§ Description of the task
Your task is to return the listing below word for word, without any of its images.

§ The data
################
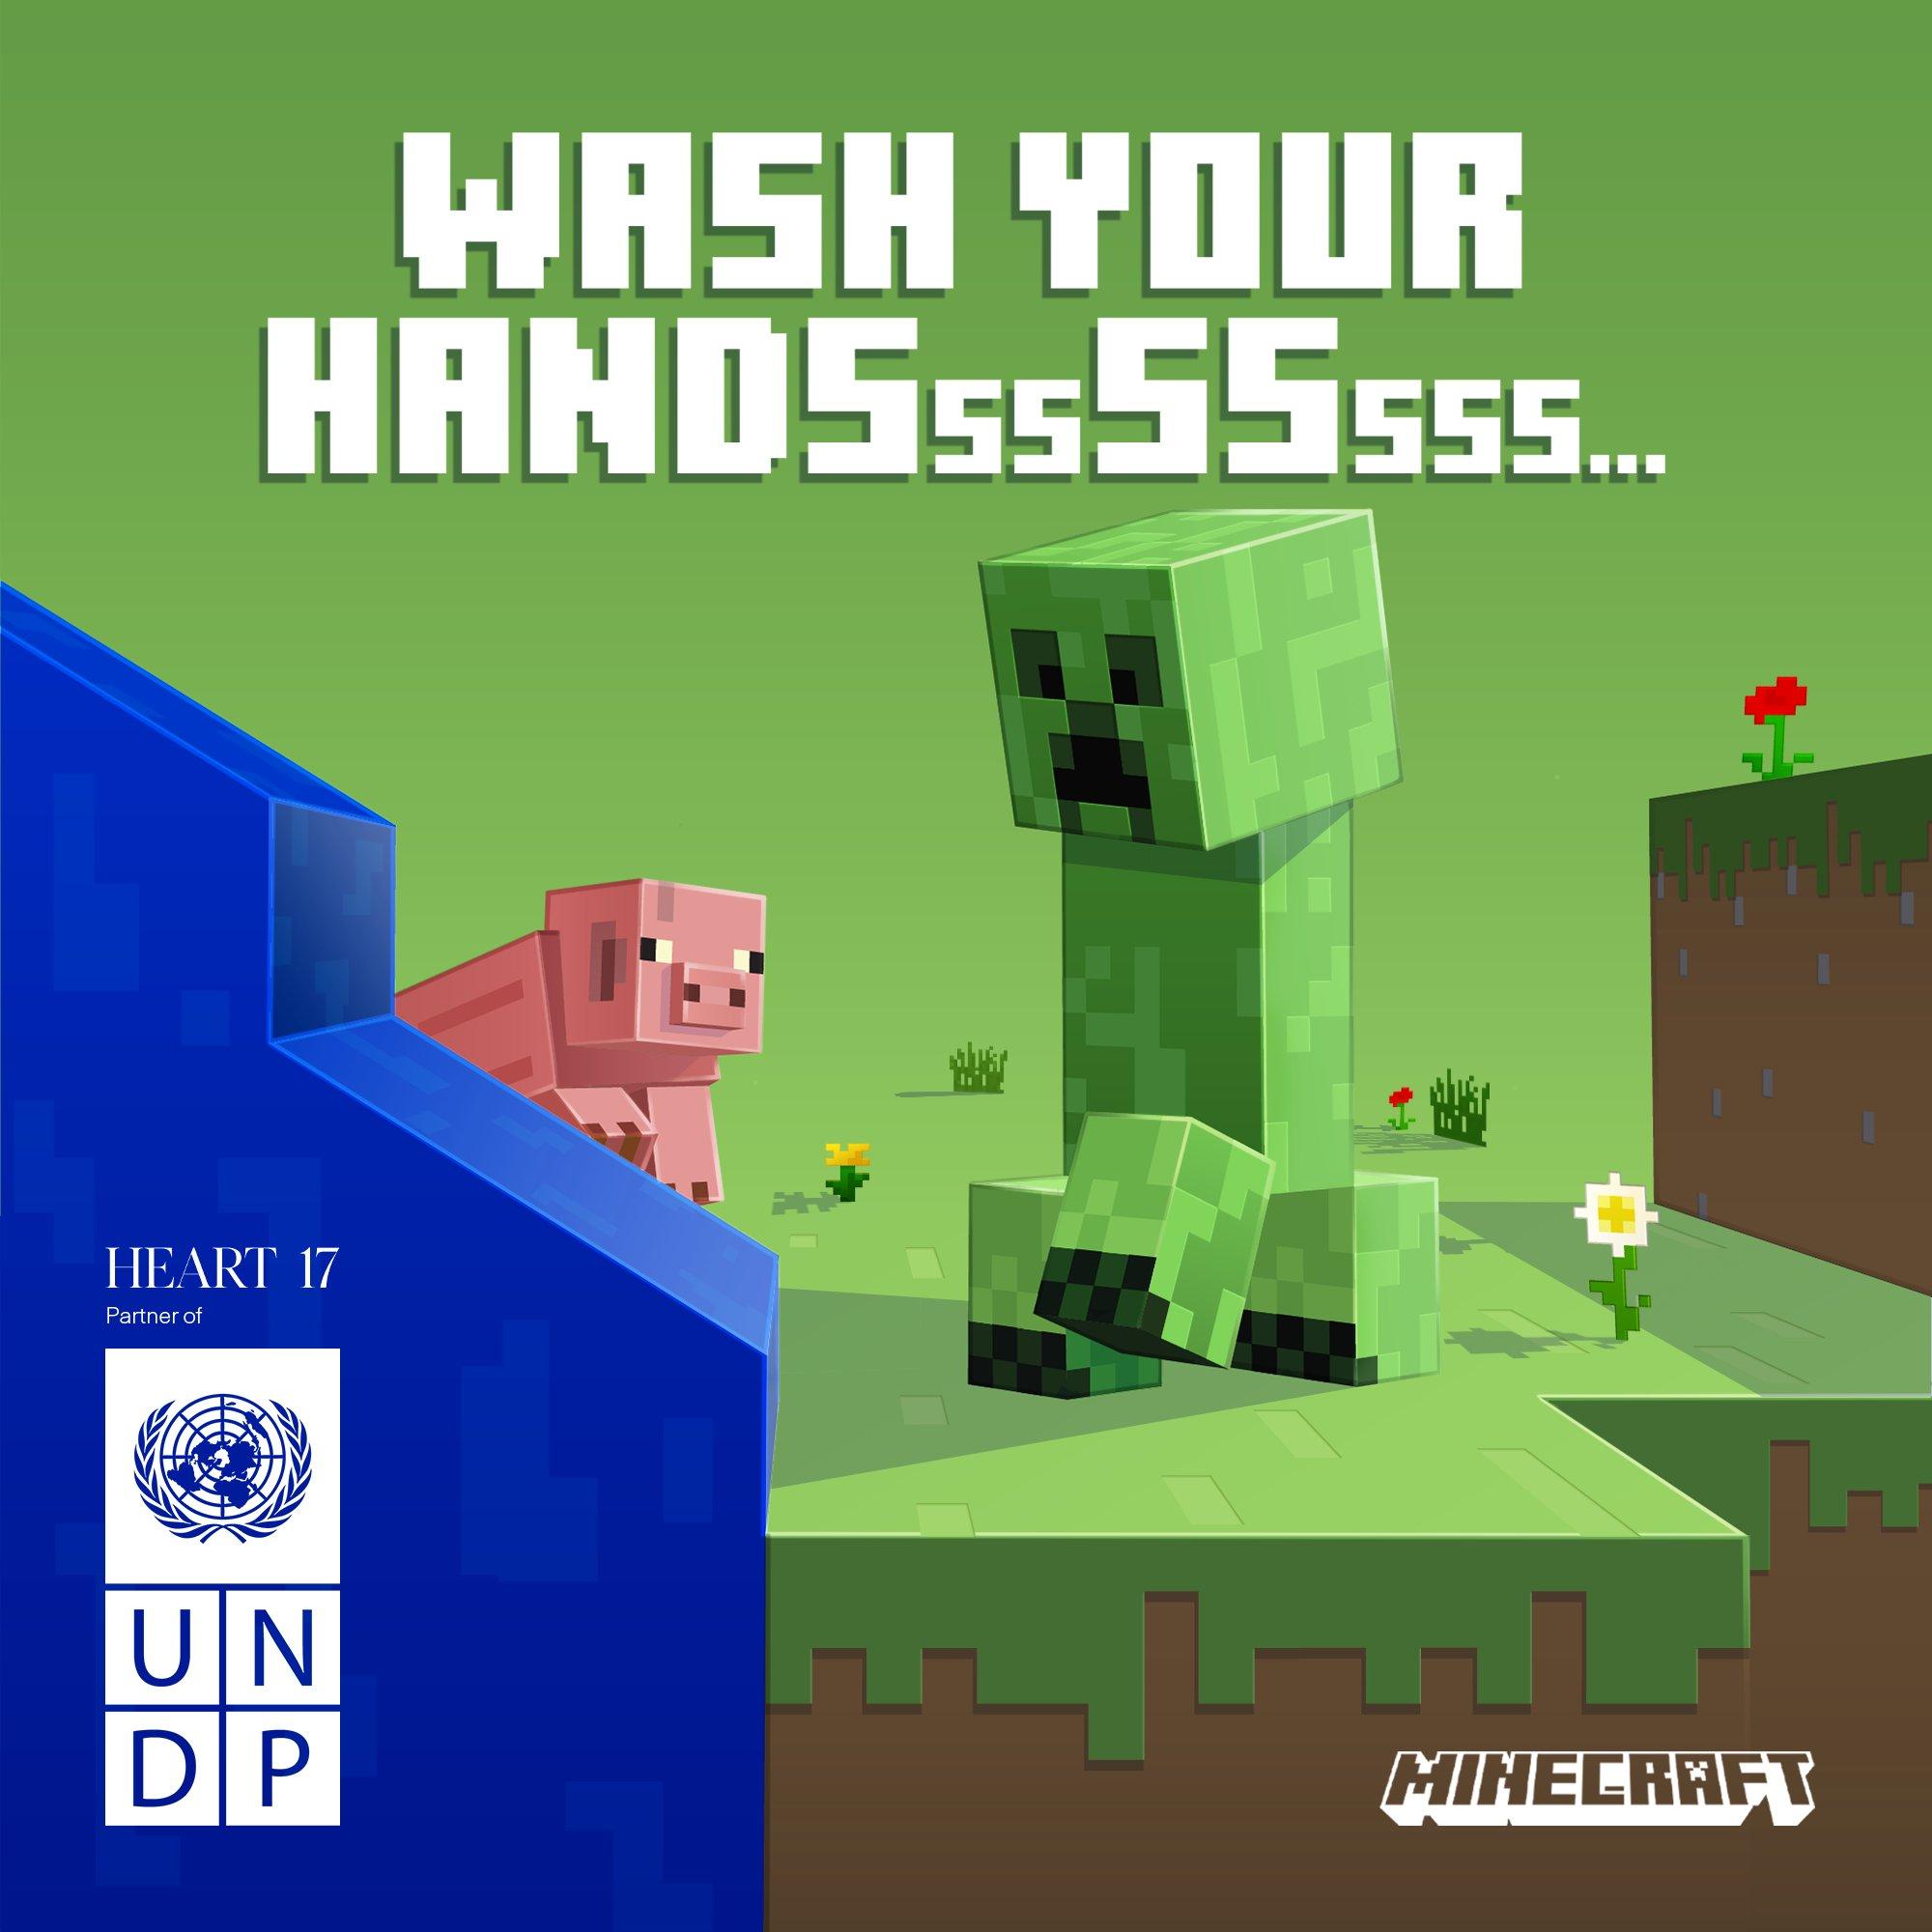 为抗疫助力:《Minecraft》联合联合国组织推COVID-19 PSA运动
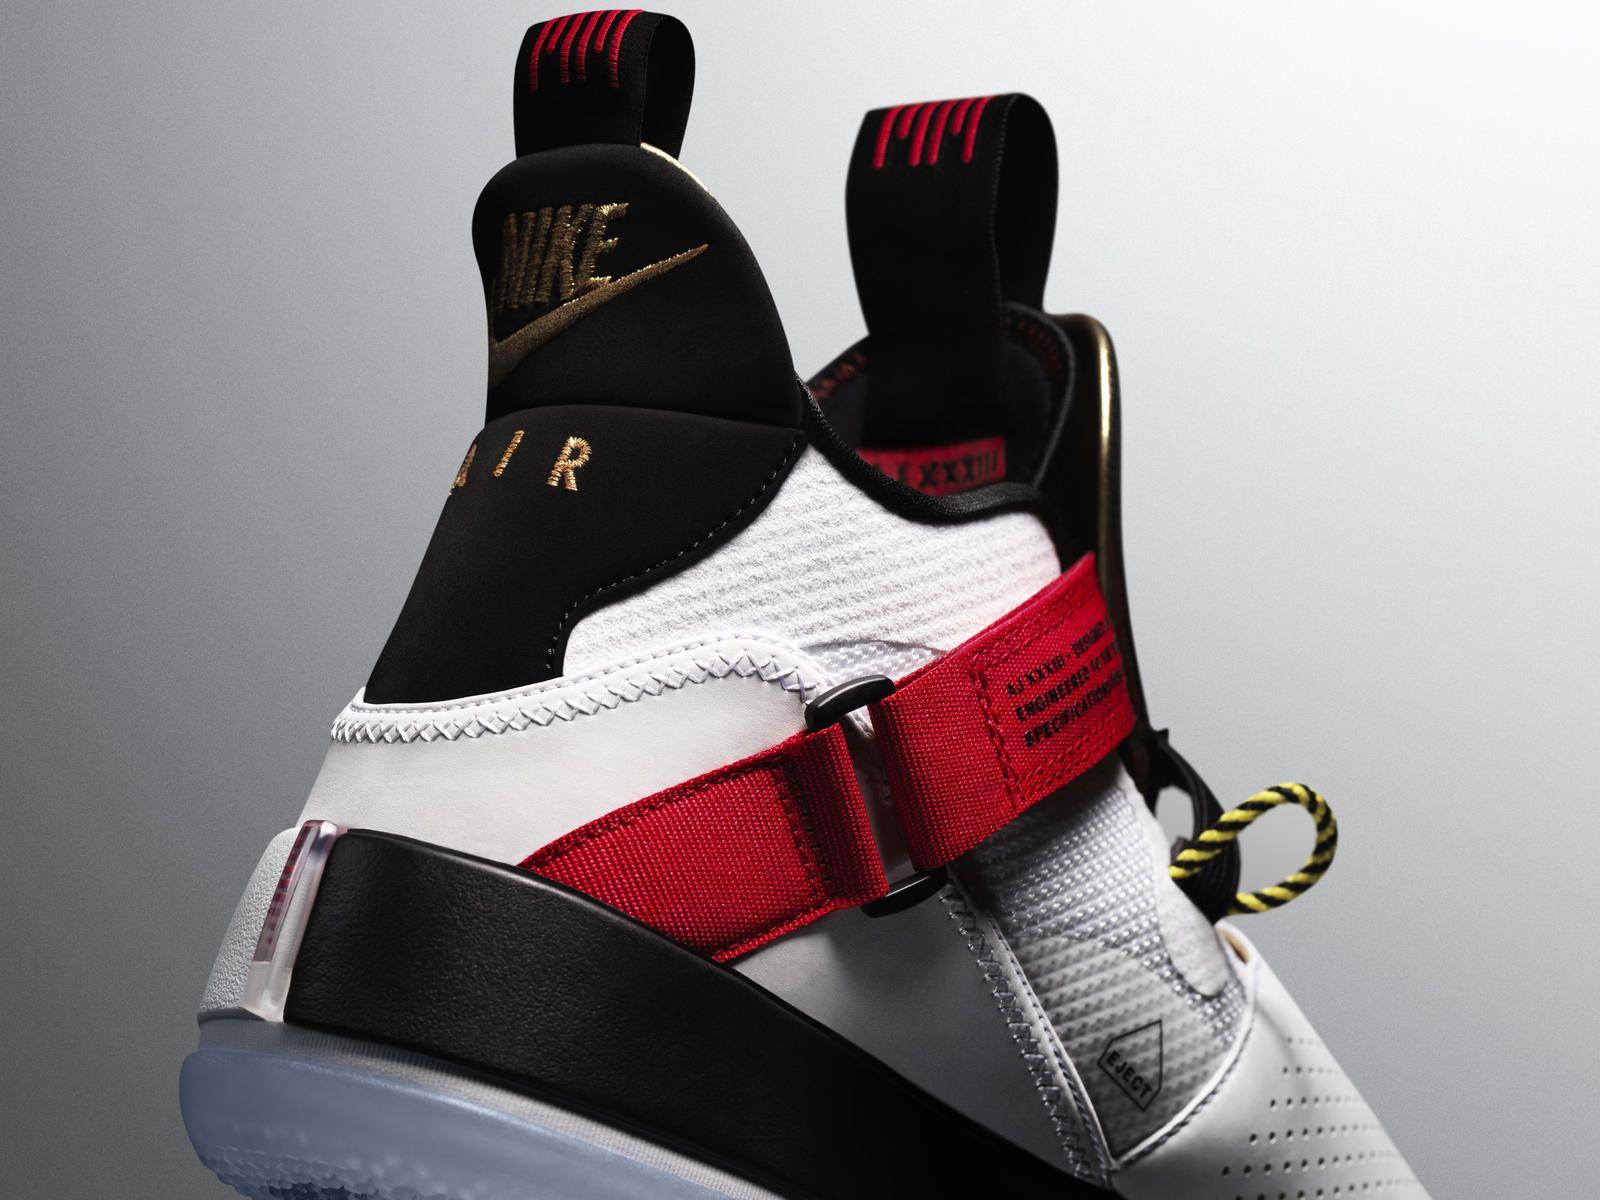 Air Jordan 1 'First Class' Release Date. Nike SNKRS
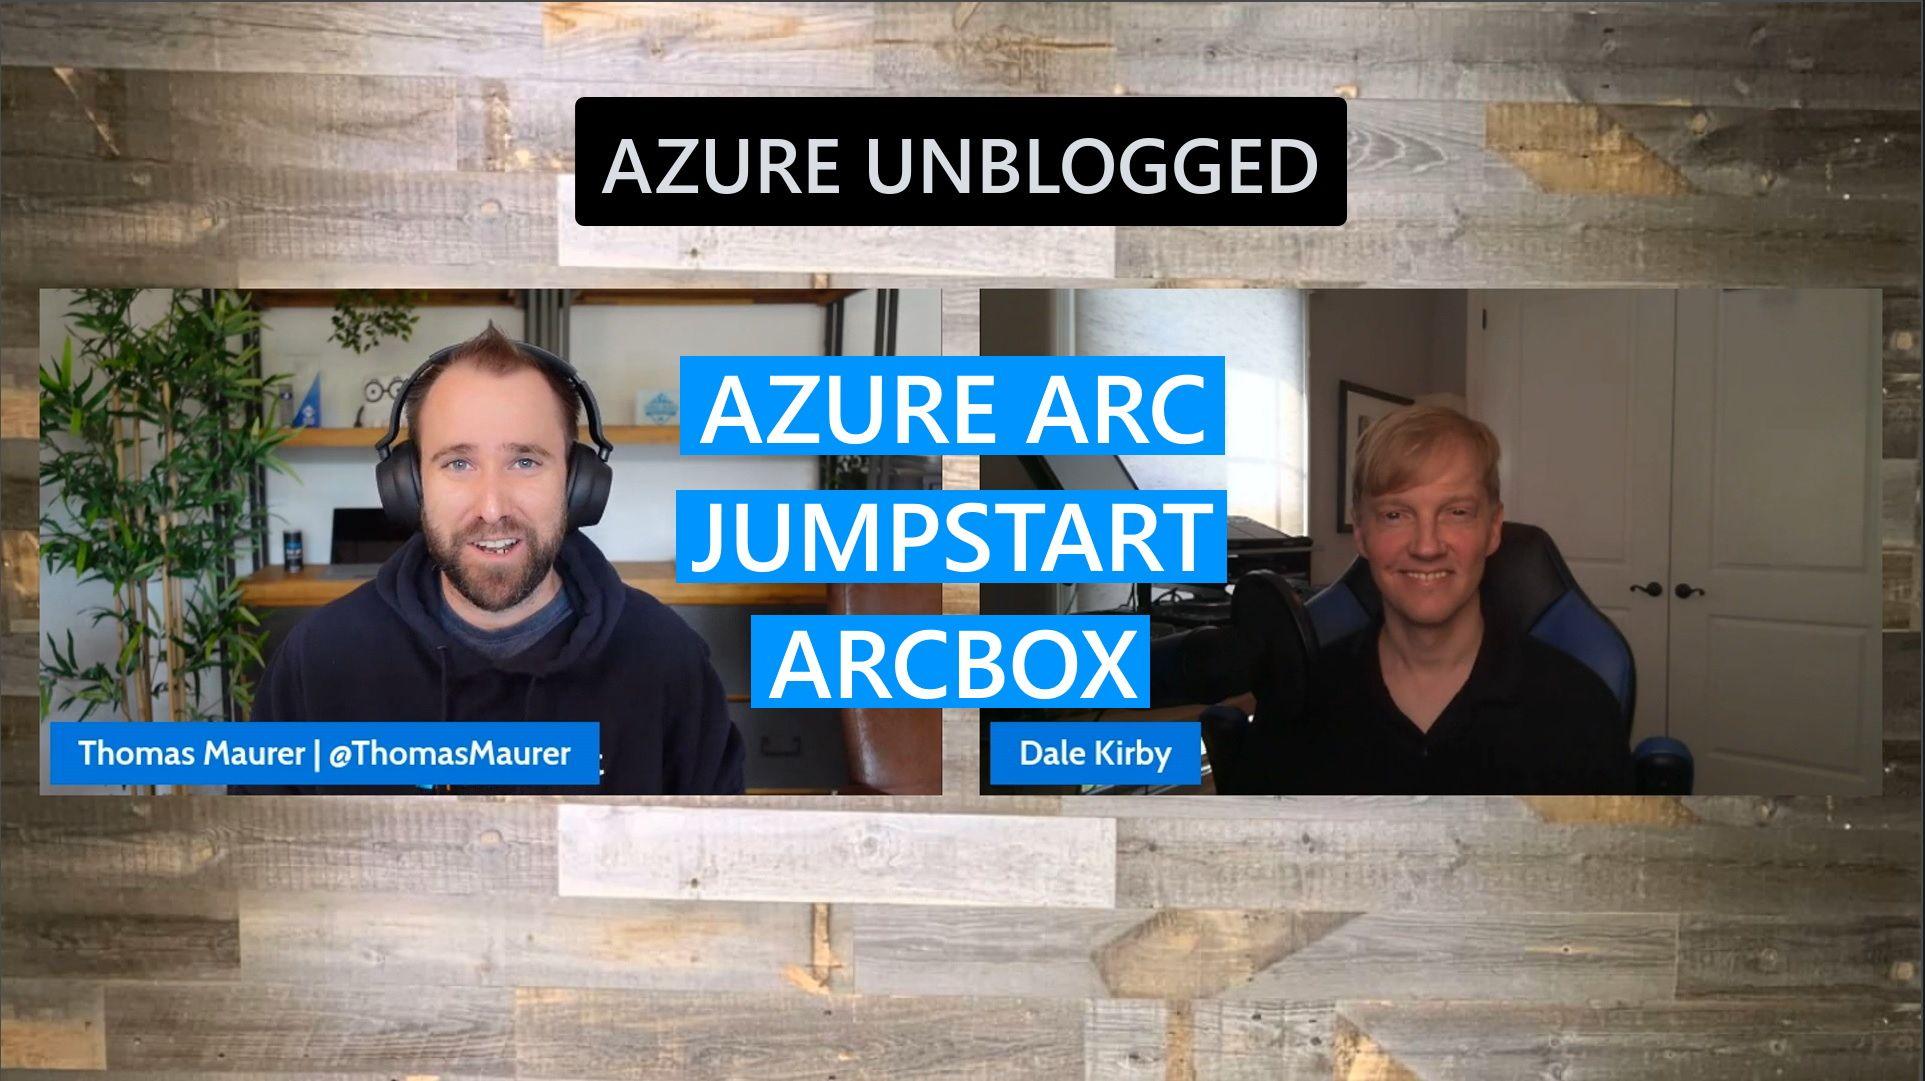 Azure Unblogged - Azure Arc Jumpstart ArcBox
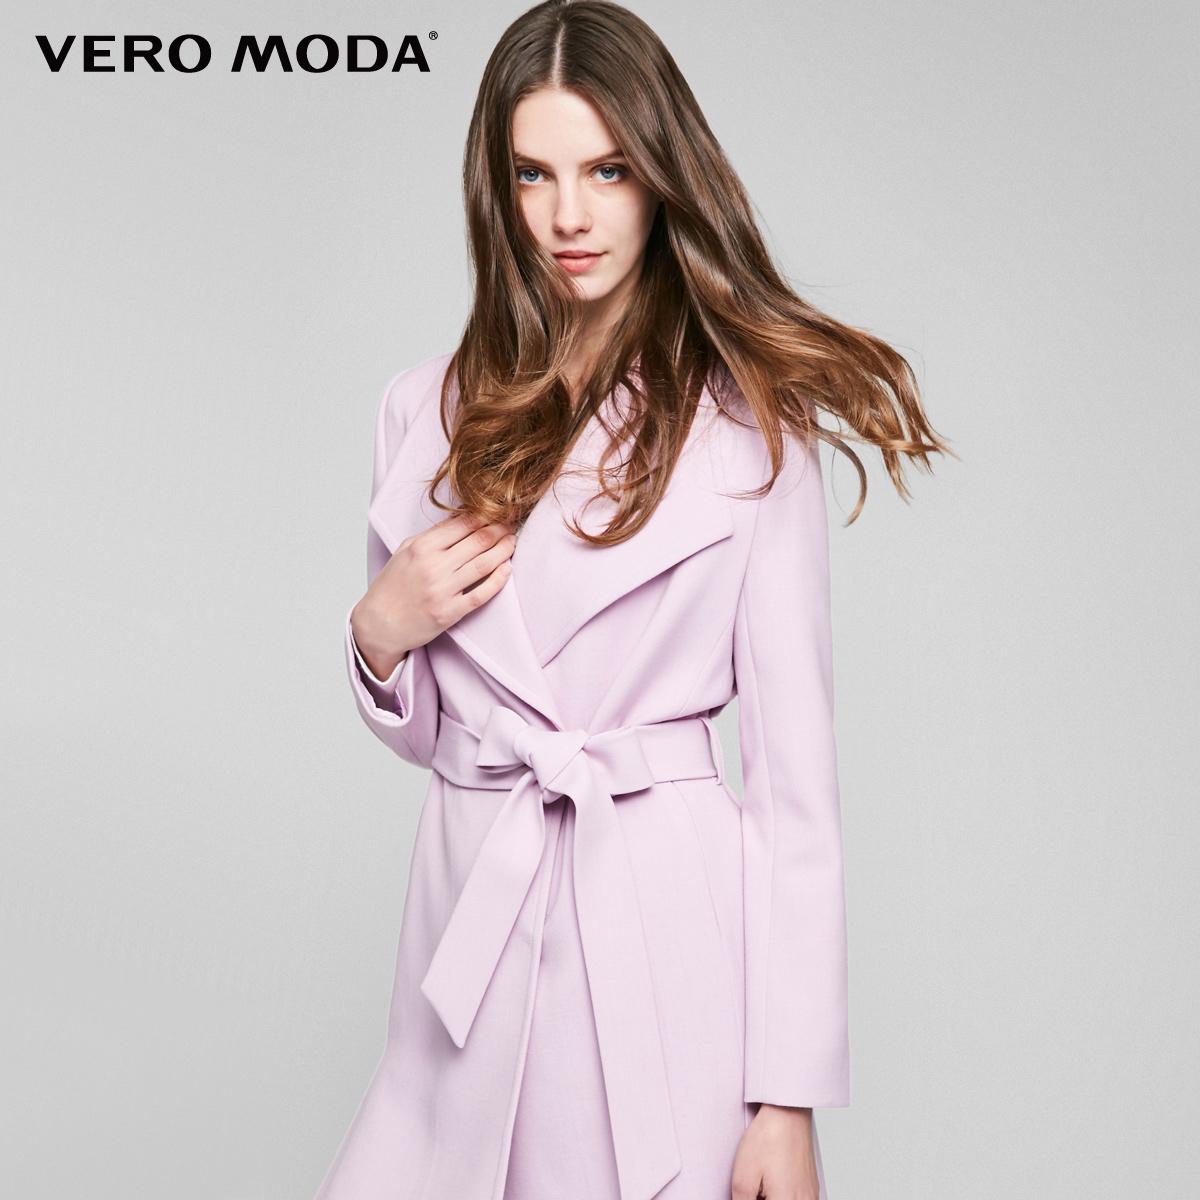 VeroModa2017新品翻领暗扣门襟系带中长款风衣外套|317121508
################
§ Worked solution
 为抗疫助力:《Minecraft》联合联合国组织推COVID-19 PSA运动
 Air Jordan 1 'First Class' Release Date. Nike SNKRS
 Azure Unblogged - Azure Arc Jumpstart ArcBox
 VeroModa2017新品翻领暗扣门襟系带中长款风衣外套|317121508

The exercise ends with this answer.